From the listing below, give again exactly the lines from the line with "8 912 Prision" to the line with "Certified Hoops", ends included, without any pictures.

----- EXTRACTED ENTRIES

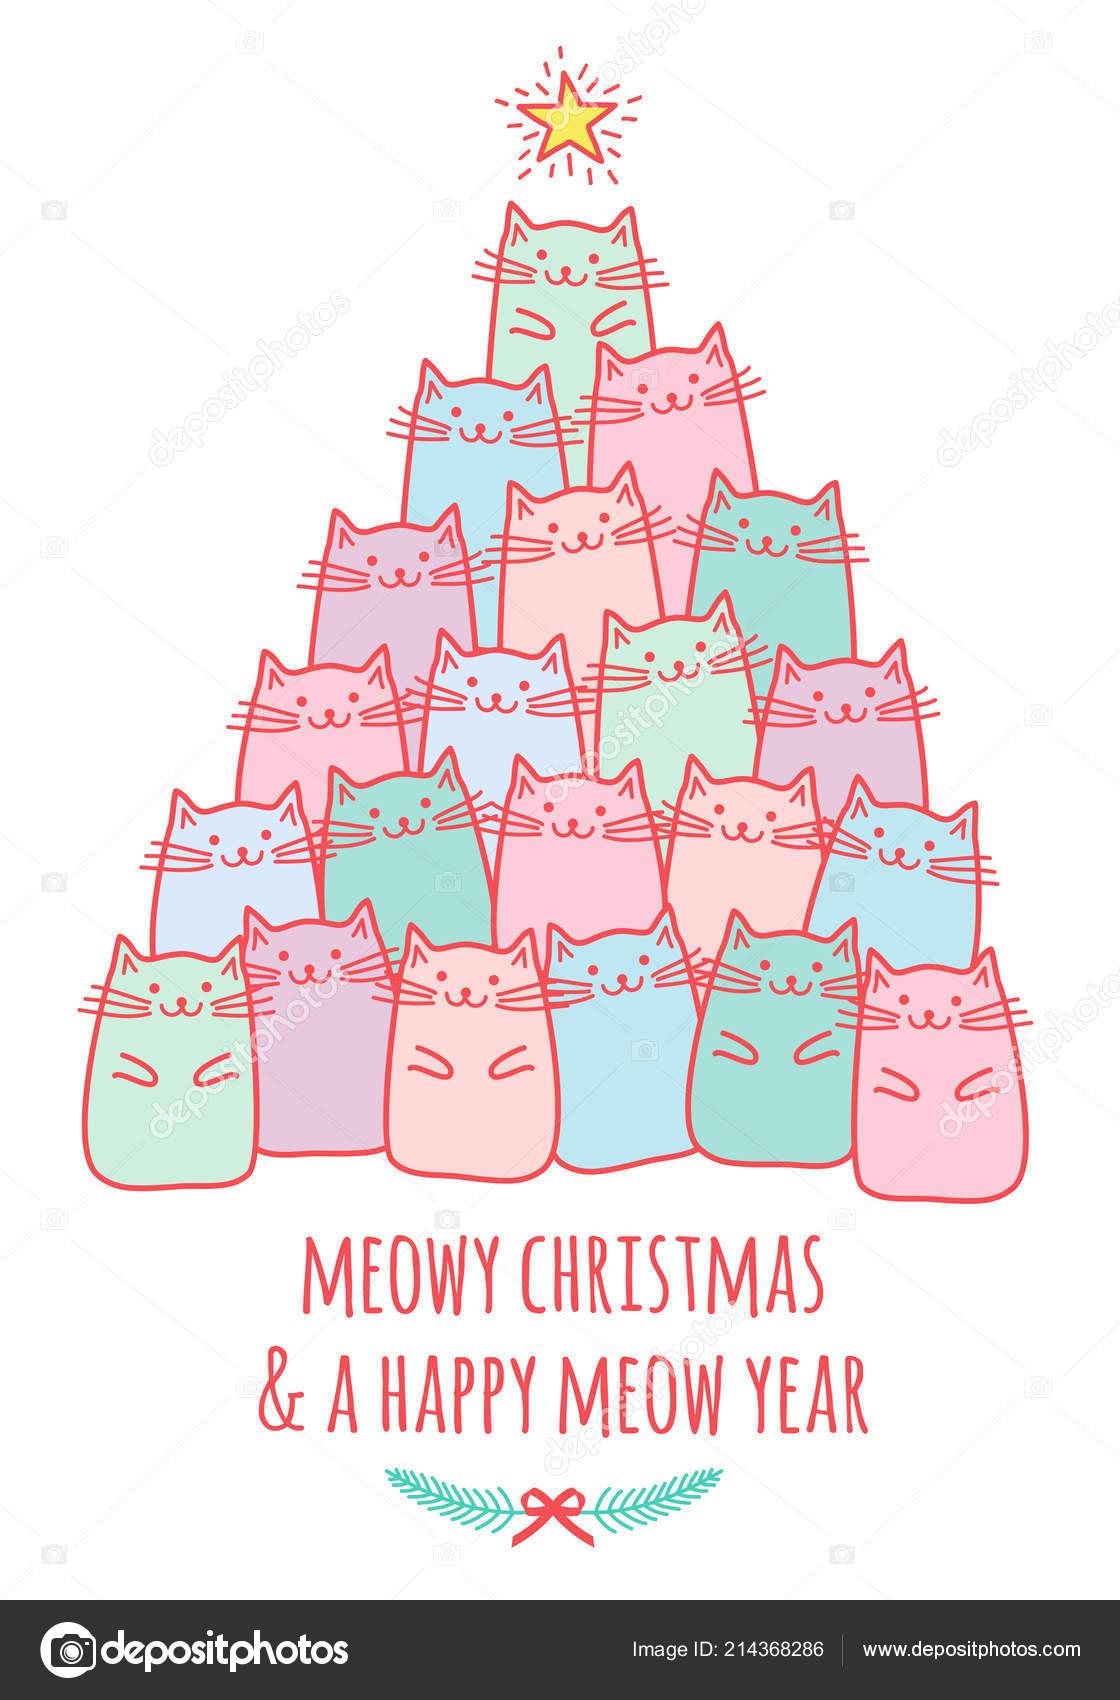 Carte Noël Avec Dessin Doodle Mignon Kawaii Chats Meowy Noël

----------
----- EXTRACTED ENTRIES

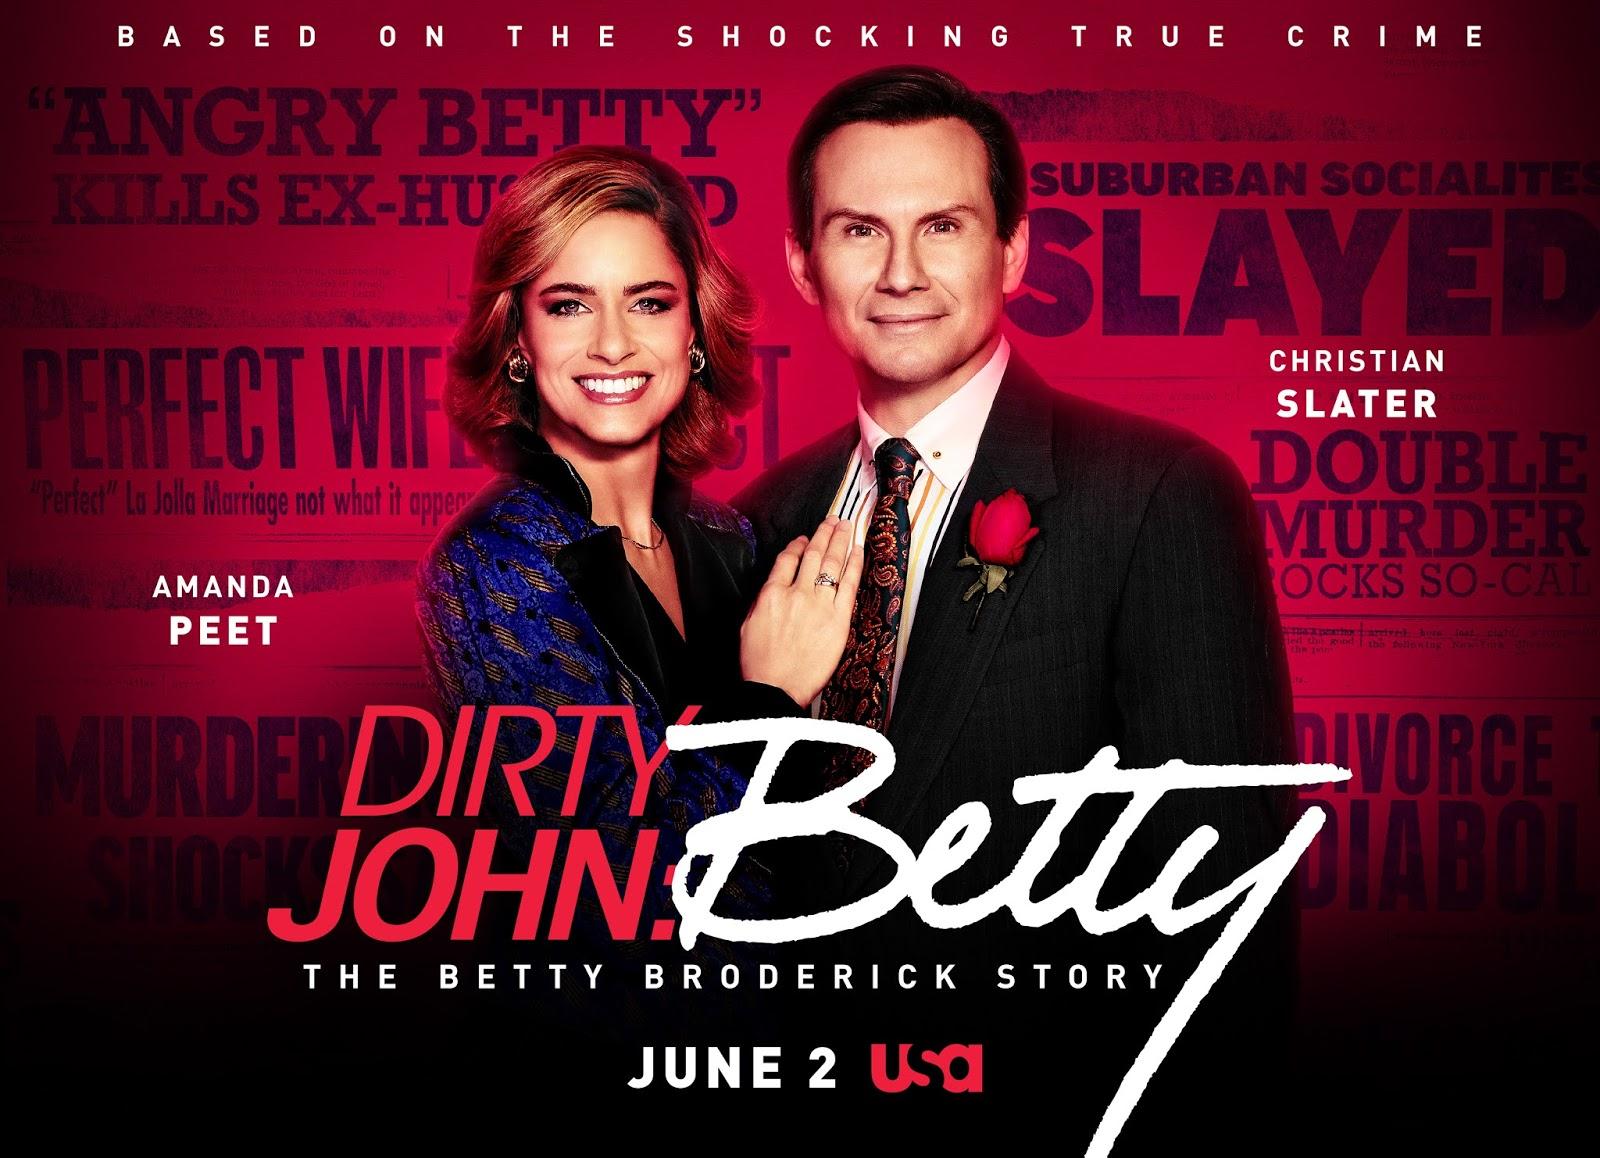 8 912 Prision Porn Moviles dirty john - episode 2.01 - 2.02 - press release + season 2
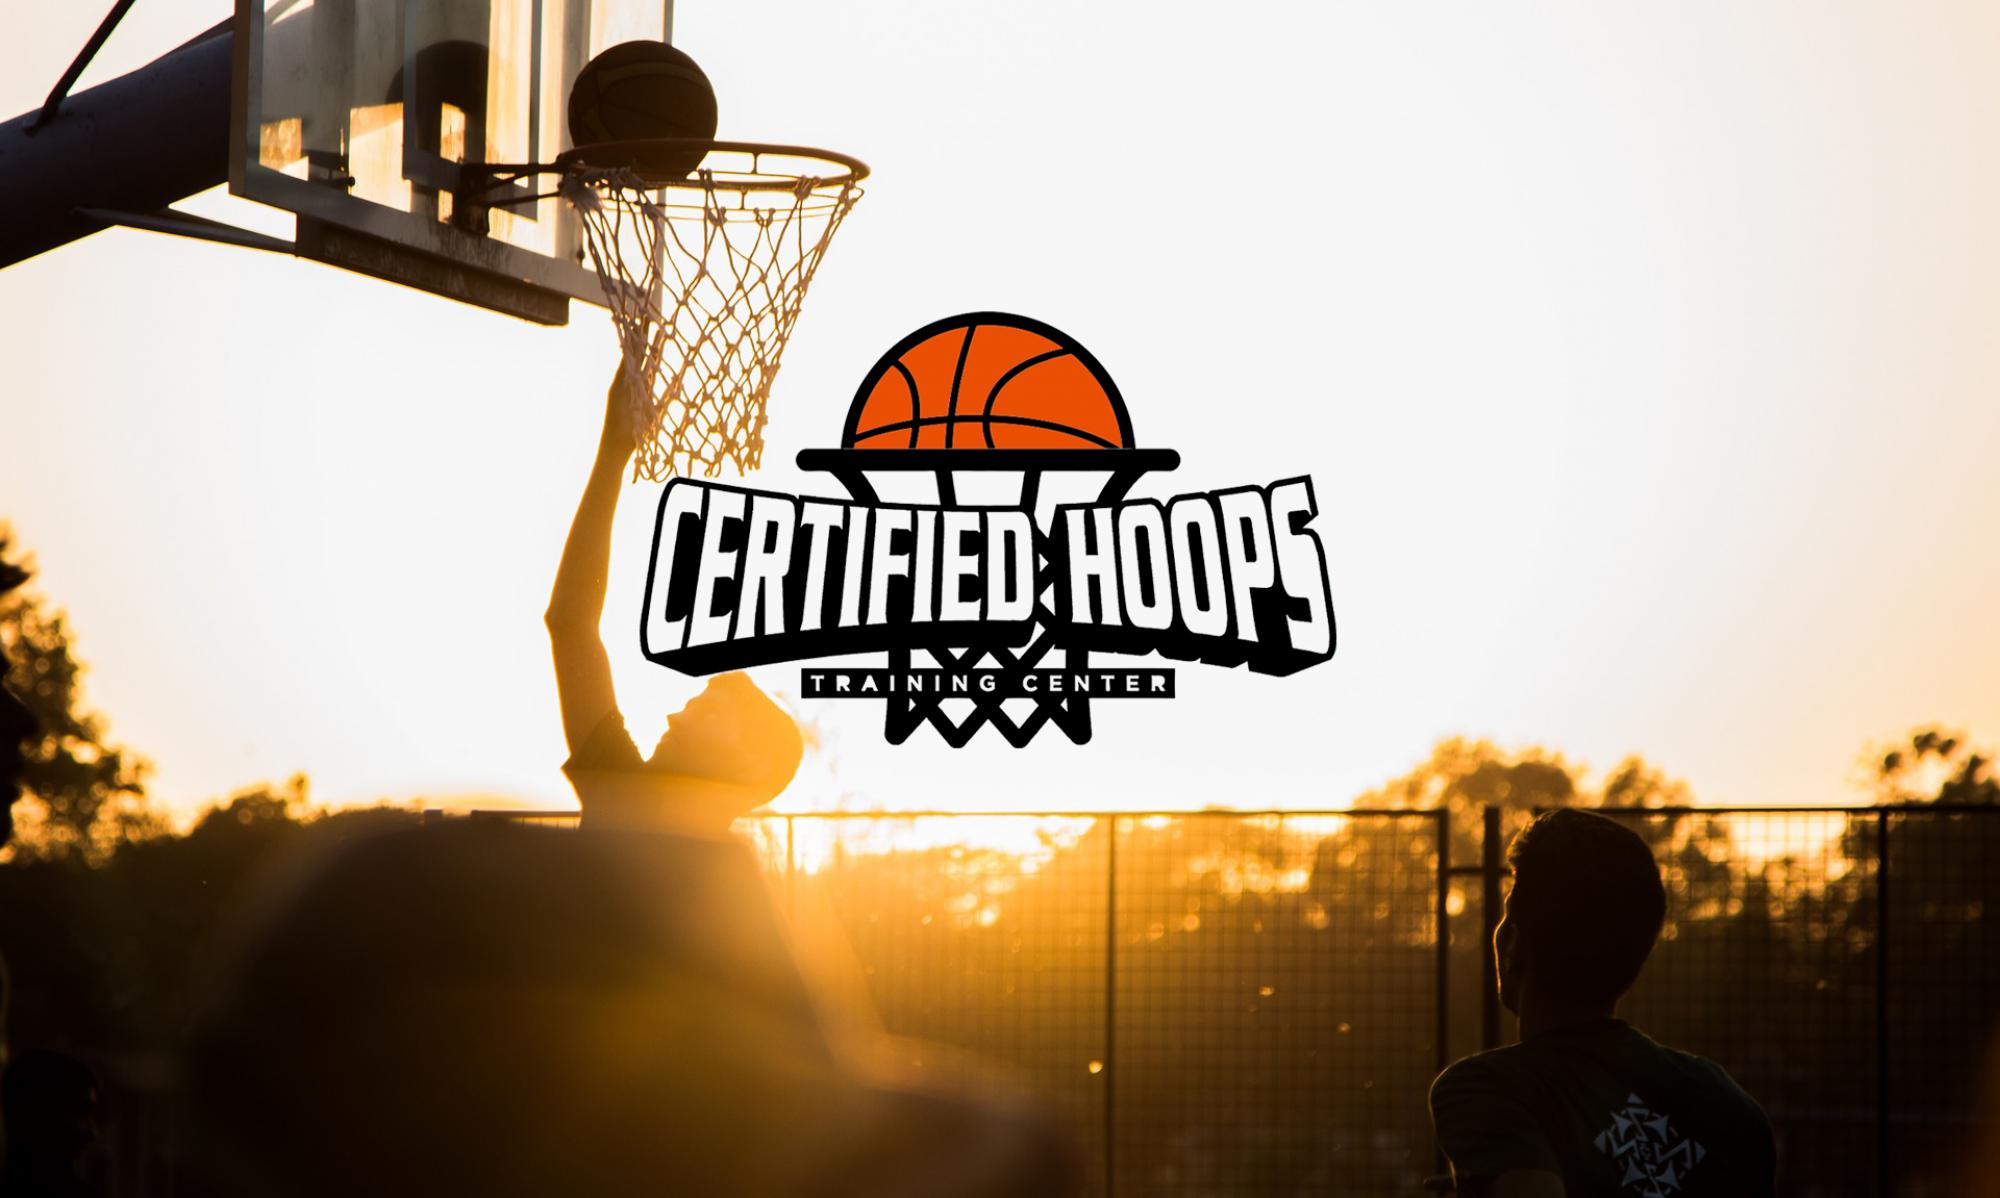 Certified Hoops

----------

* [OUTPUT BELOW]:
 8 912 Prision Porn Moviles dirty john - episode 2.01 - 2.02 - press release + season 2
 Certified Hoops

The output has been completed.